В эти часы не думал он уже ни о чем, а лишь представлял, как его голос, эти волны, расходящиеся веером от его души, проходят мимо людей, отдают им тепло и устремляются дальше, в другой, неземной эфир, там скапливаются и живут с такими же неумирающими словами и голосами других людей, с их криками, слезами, шепотом, и, когда он умрет, он сам уйдет в озеро небесного эфира, и оттуда странным и нелепым покажется то, о чем говорил он в эфире земном. О золотых геройских звездах, о юбилеях, достижениях, о неустанной заботе, о решающих, определяющих и завершающих годах пятилеток, о съездах, пленумах, о соседней стране, попросившей оказать ей военную помощь, о злобных измышлениях некоторых государств в этой связи, о мирных инициативах, и снова об успехах, маршах, темпах, потом внезапно — о глубоком прискорбии, охватившем весь советский народ, о еще более тесном сплочении вокруг, о порядке и дисциплине, о взяточничестве, снова о глубоком прискорбии, о каких-то реформах, и опять о прискорбии, но как бы теперь не очень глубоком, о переменах, новом курсе, новом мышлении, об ошибках и извращениях в известный период, о квартирах к двухтысячному году, о неприятной аварии, об ускорении, еще об одной аварии, об аренде, о национальной розни, антиперестроечных силах, партконференции, выборах, демократизации, об академике Сахарове и конверсии — все нереальнее становилась эта земная жизнь, все стремительнее, нелепее и дальше, и Дмитрий Иванович уже почти что не замечал, что вокруг него происходит, а тем временем в городе опять замаячил призрак Пугачева.
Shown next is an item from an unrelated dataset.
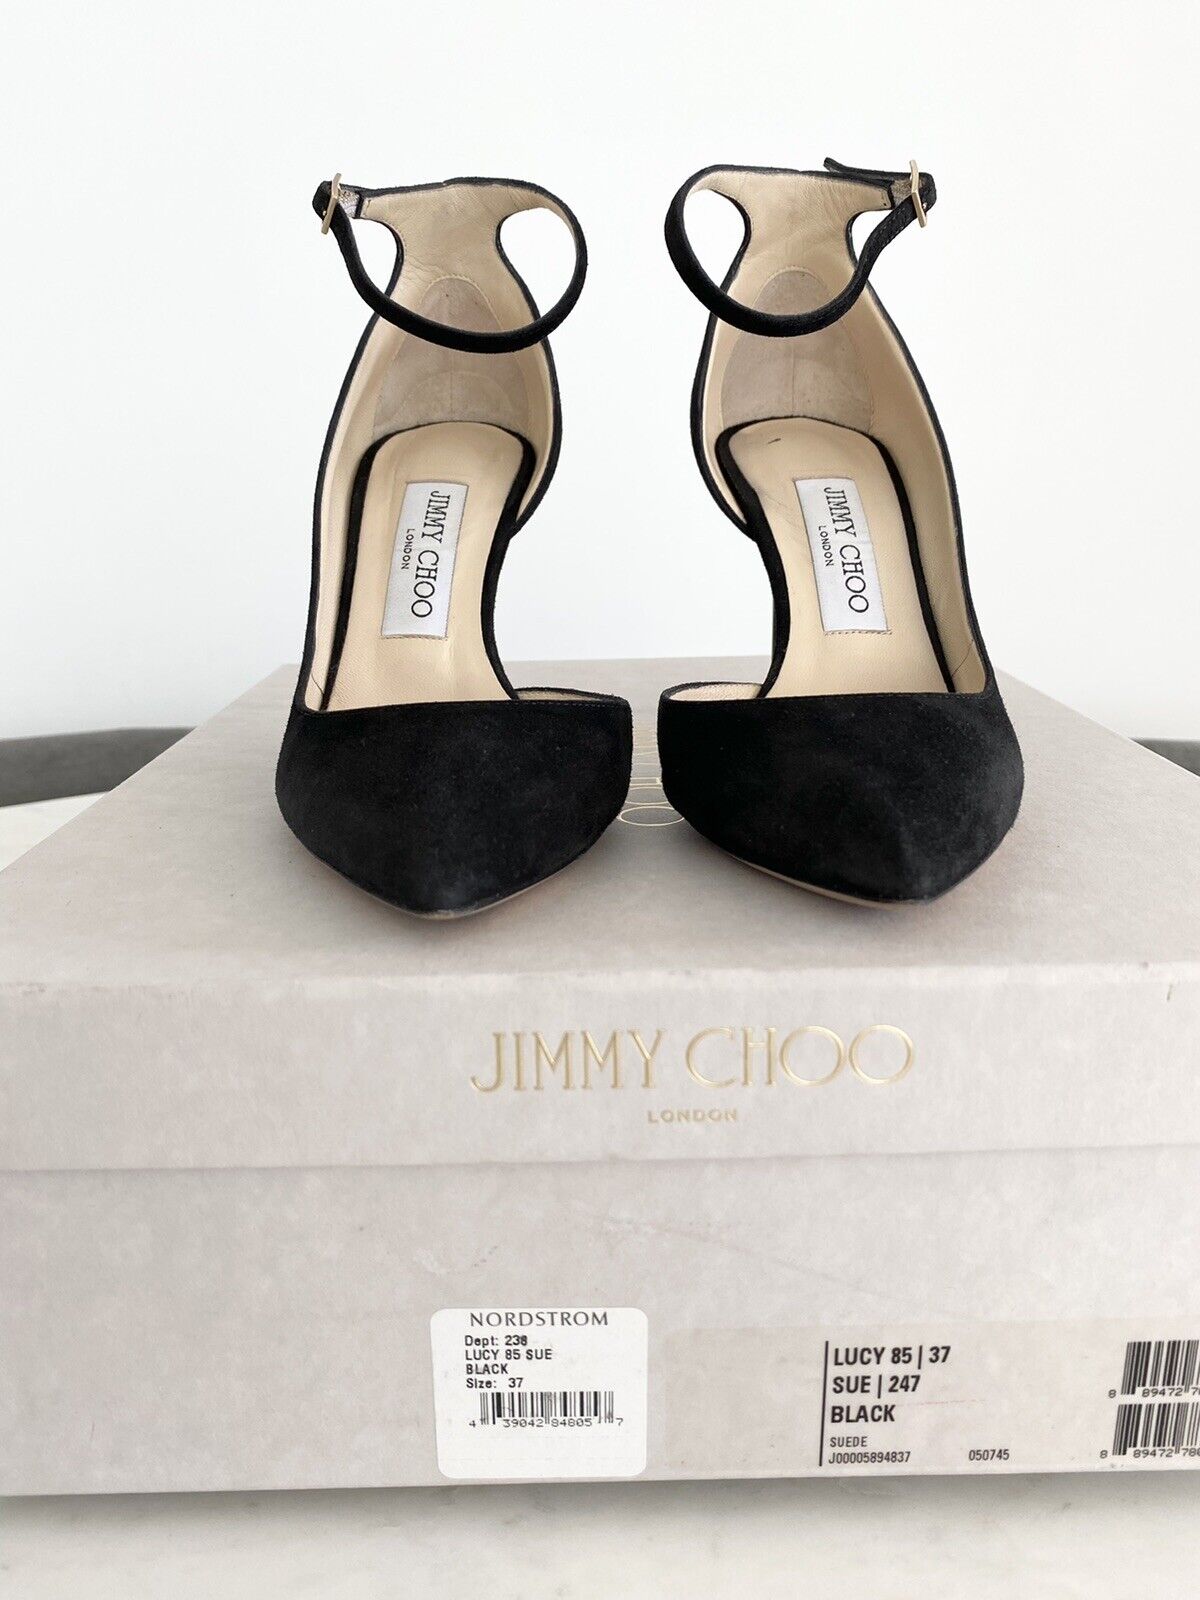 Jimmy Choo Lucy 85. Size 37 EU. Made In Italy. Black Suede. Box & Receipt

Появились странные молодые люди с волосами и без волос, с металлическими булавками, шприцами, крашеные, вздыбленные, женоподобные, появились рок-группы, самодеятельные художники, проститутки, кооператоры, и все это выплеснулось на бульвар Коммунаров, где совсем недавно сидели одни пенсионерки и выгуливали детей мамаши.